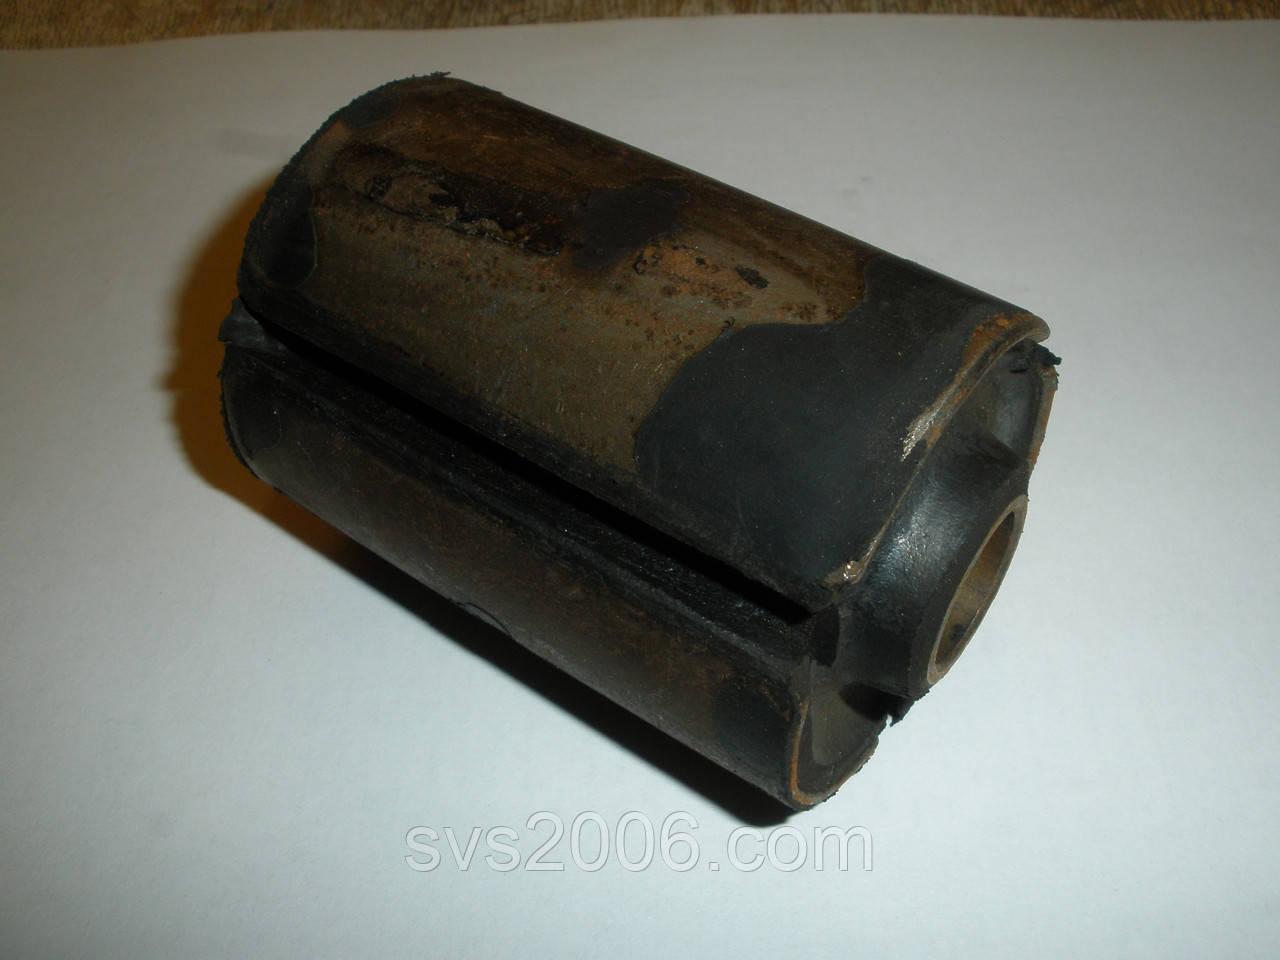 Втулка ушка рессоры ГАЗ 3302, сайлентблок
┄┄┄┄┄┄┄┄┄┄
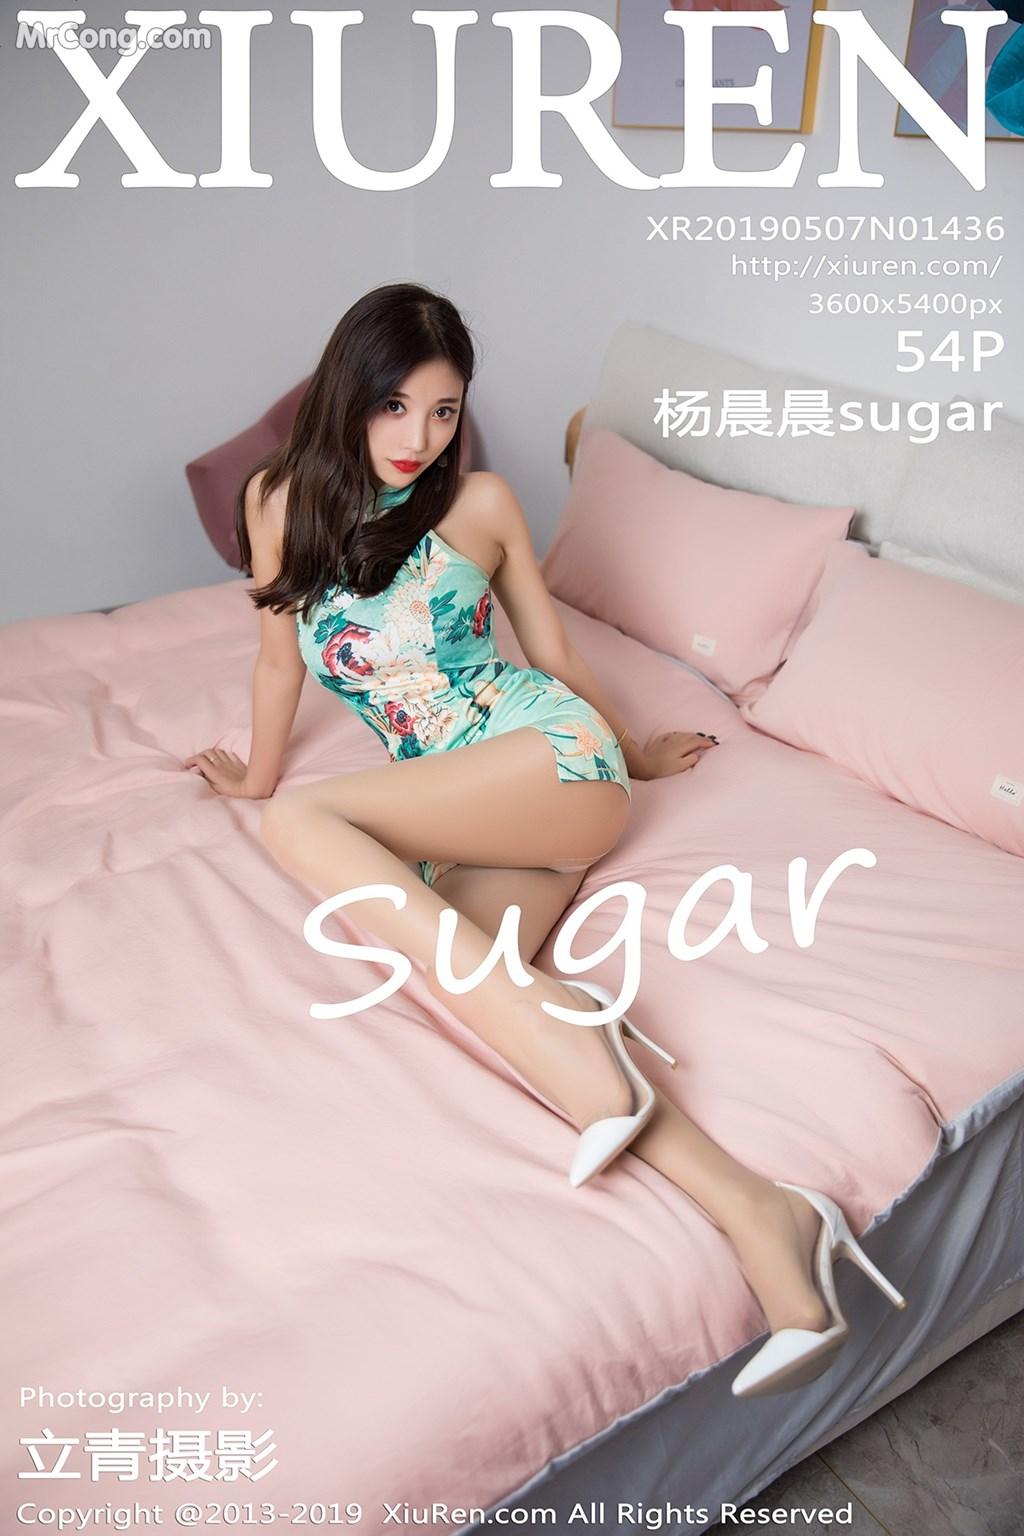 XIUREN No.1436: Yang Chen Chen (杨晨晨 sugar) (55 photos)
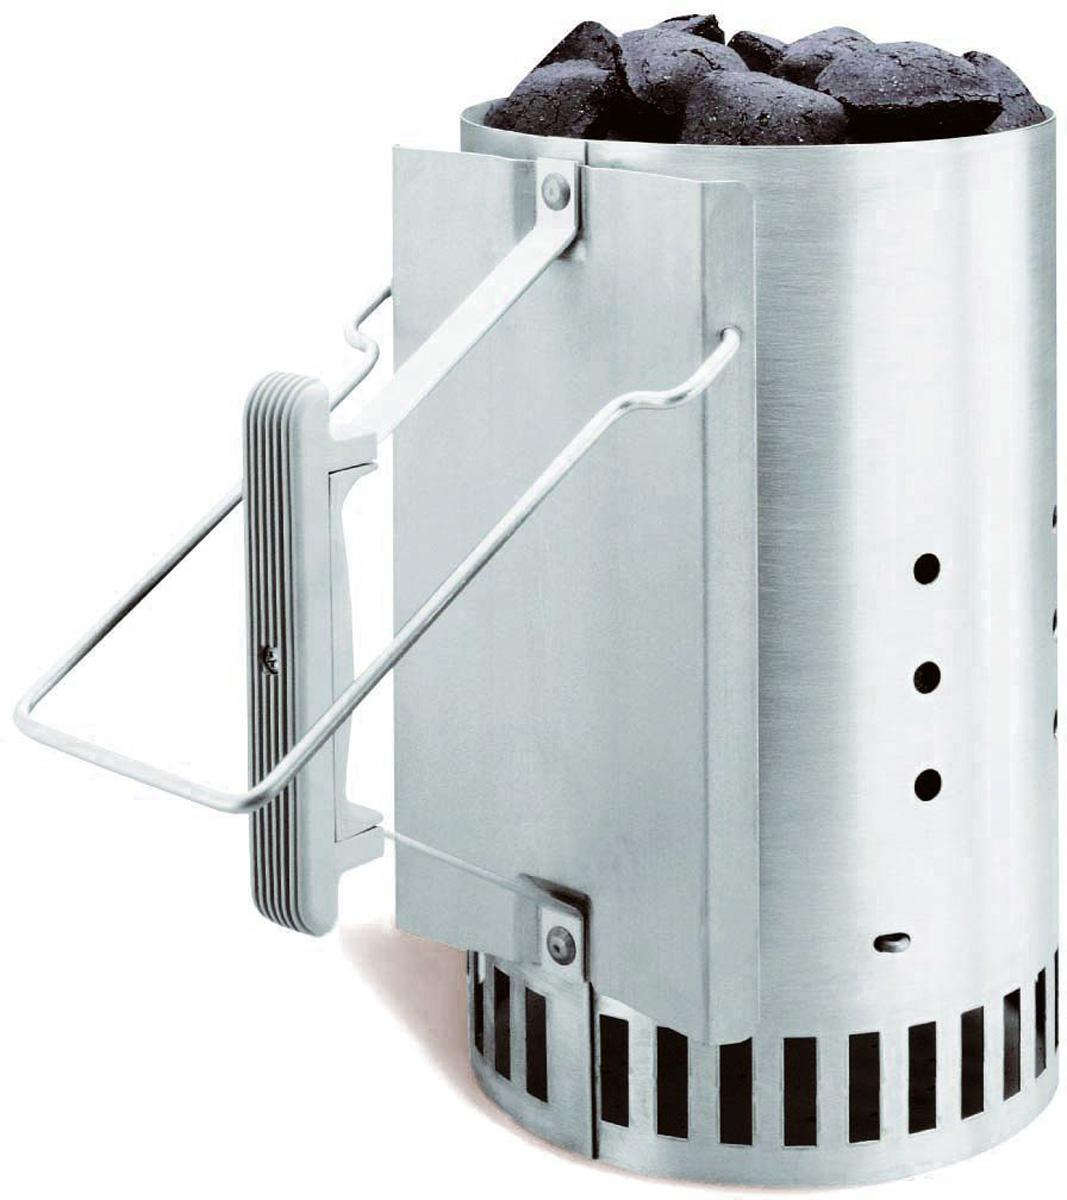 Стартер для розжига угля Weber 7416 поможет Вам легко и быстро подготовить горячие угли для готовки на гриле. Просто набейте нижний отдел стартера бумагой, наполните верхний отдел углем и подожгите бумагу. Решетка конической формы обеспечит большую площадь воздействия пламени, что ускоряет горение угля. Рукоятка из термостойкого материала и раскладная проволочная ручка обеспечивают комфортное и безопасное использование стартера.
┄┄┄┄┄┄┄┄┄┄
### Goal of the exercise
Nothing but the lines from the one with "XIUREN No.1436: Yang" up to and including the one with "Стартер для розжига" should be printed, exactly as they read above. Please keep the pictures out.

### Task output
 XIUREN No.1436: Yang Chen Chen (杨晨晨 sugar) (55 photos)
 Стартер для розжига угля Weber 7416 поможет Вам легко и быстро подготовить горячие угли для готовки на гриле. Просто набейте нижний отдел стартера бумагой, наполните верхний отдел углем и подожгите бумагу. Решетка конической формы обеспечит большую площадь воздействия пламени, что ускоряет горение угля. Рукоятка из термостойкого материала и раскладная проволочная ручка обеспечивают комфортное и безопасное использование стартера.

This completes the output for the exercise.